The duty-free store in Kalma Airport also offered elite imported alcohol: Hennessy XO ($158 a bottle), Rémy Martin Reserve Cellar ($394), Camus Extra in souvenir packaging ($490) and 30-year Ballantine’s ($537). Vodka was in a separate display case: Russian Standard Gold ($18), Russian Standard Original ($20), Finlandia ($20) and Parliament ($14).

Recall that the import of luxury goods to North Korea remains sanctioned by the UN Security Council.

Meals at the hotel cost $10 each. Breakfast is buffet-style but served by waitresses; dinner is a multi-course meal, with appetizers including kimchi, lightly salted fish and tteok rice cakes; soup; and three main courses.

On the first evening, the press pool was offered beef shashlik, battered fish and crab gratin; on the second evening, sushi, fish steak and pork medallions. The menu was also available in Russian, though some items sounded mysterious – for example, “lenok fries with fruit,” which proved to be breaded Amur whitefish garnished with tangerines.

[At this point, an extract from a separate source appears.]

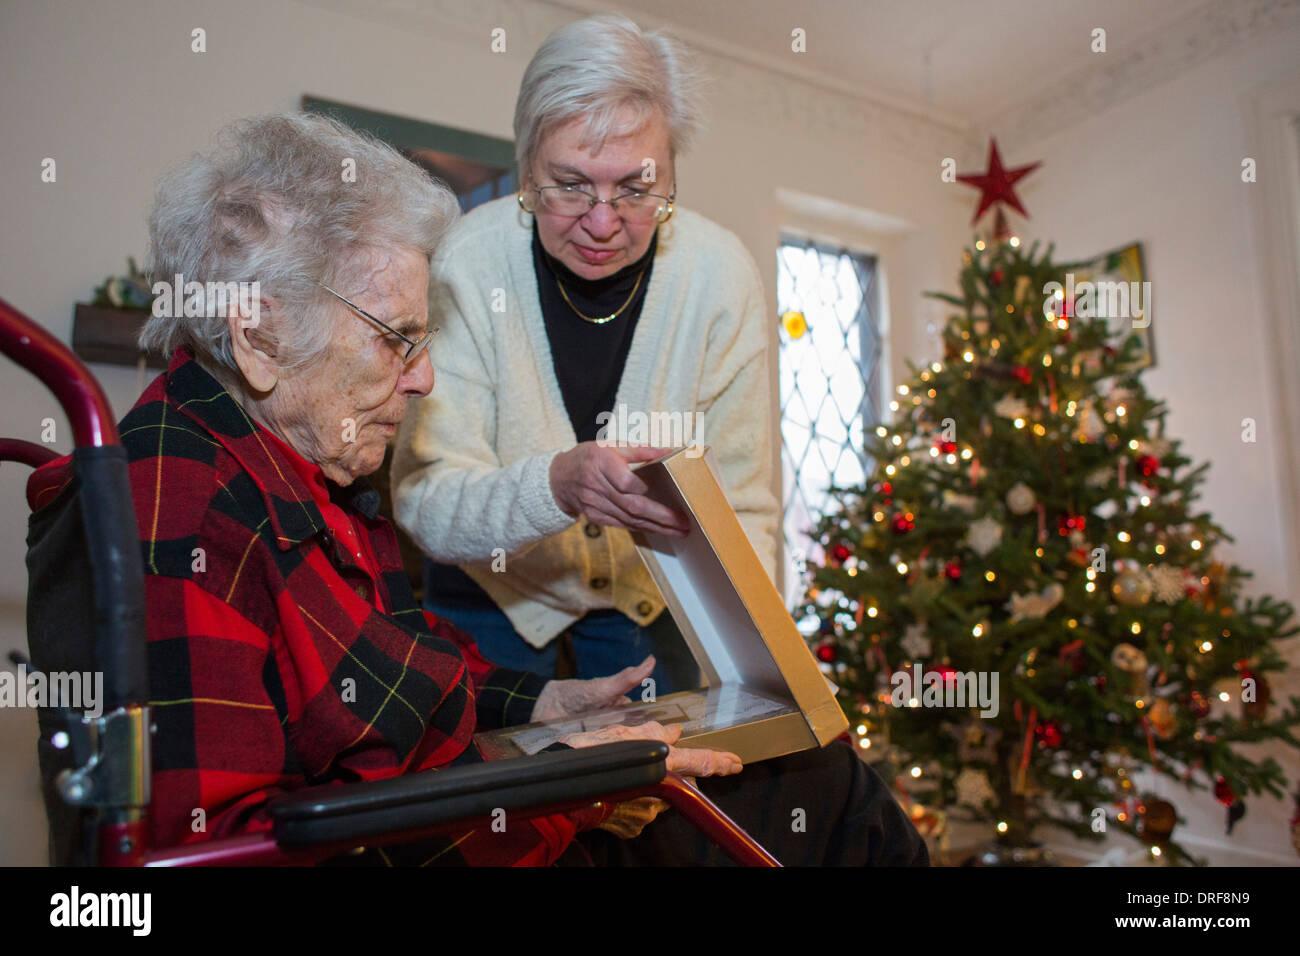 Detroit, Michigan - Dorothy Newell, 99, ouvre un cadeau de Noël avec l'aide de sa fille, Susan Newell, 65 ans. Photo Stock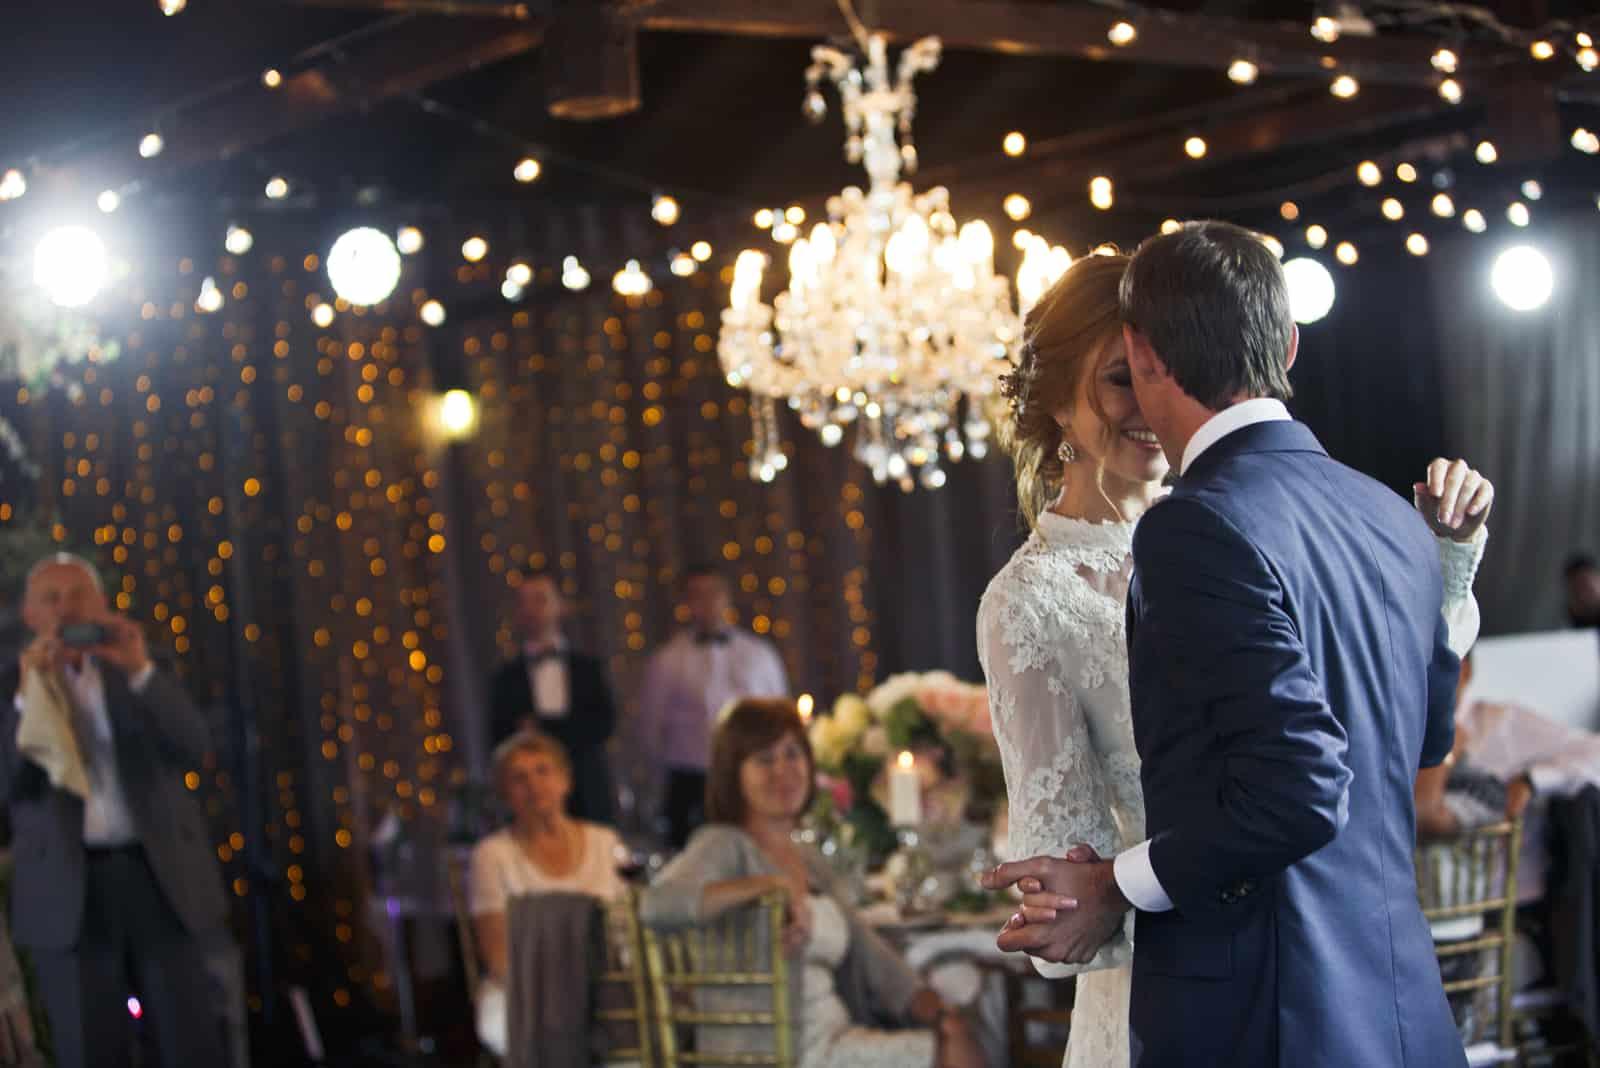 Der Bräutigam hält die Hand der Braut und tanzt mit ihr mitten in einem Restaurant

Russian telecom operators do not offer roaming in North Korea, but members of the Russian delegation received individual wi-fi login information. For the reporters, a 10-minute internet session cost $1.70, even if the whole time was not used. Facebook and Instagram are blocked in North Korea, but WhatsApp, Telegram and Google search worked without restrictions. However, there were problems when logging into VK: the reporters got notifications, but they could not access the app.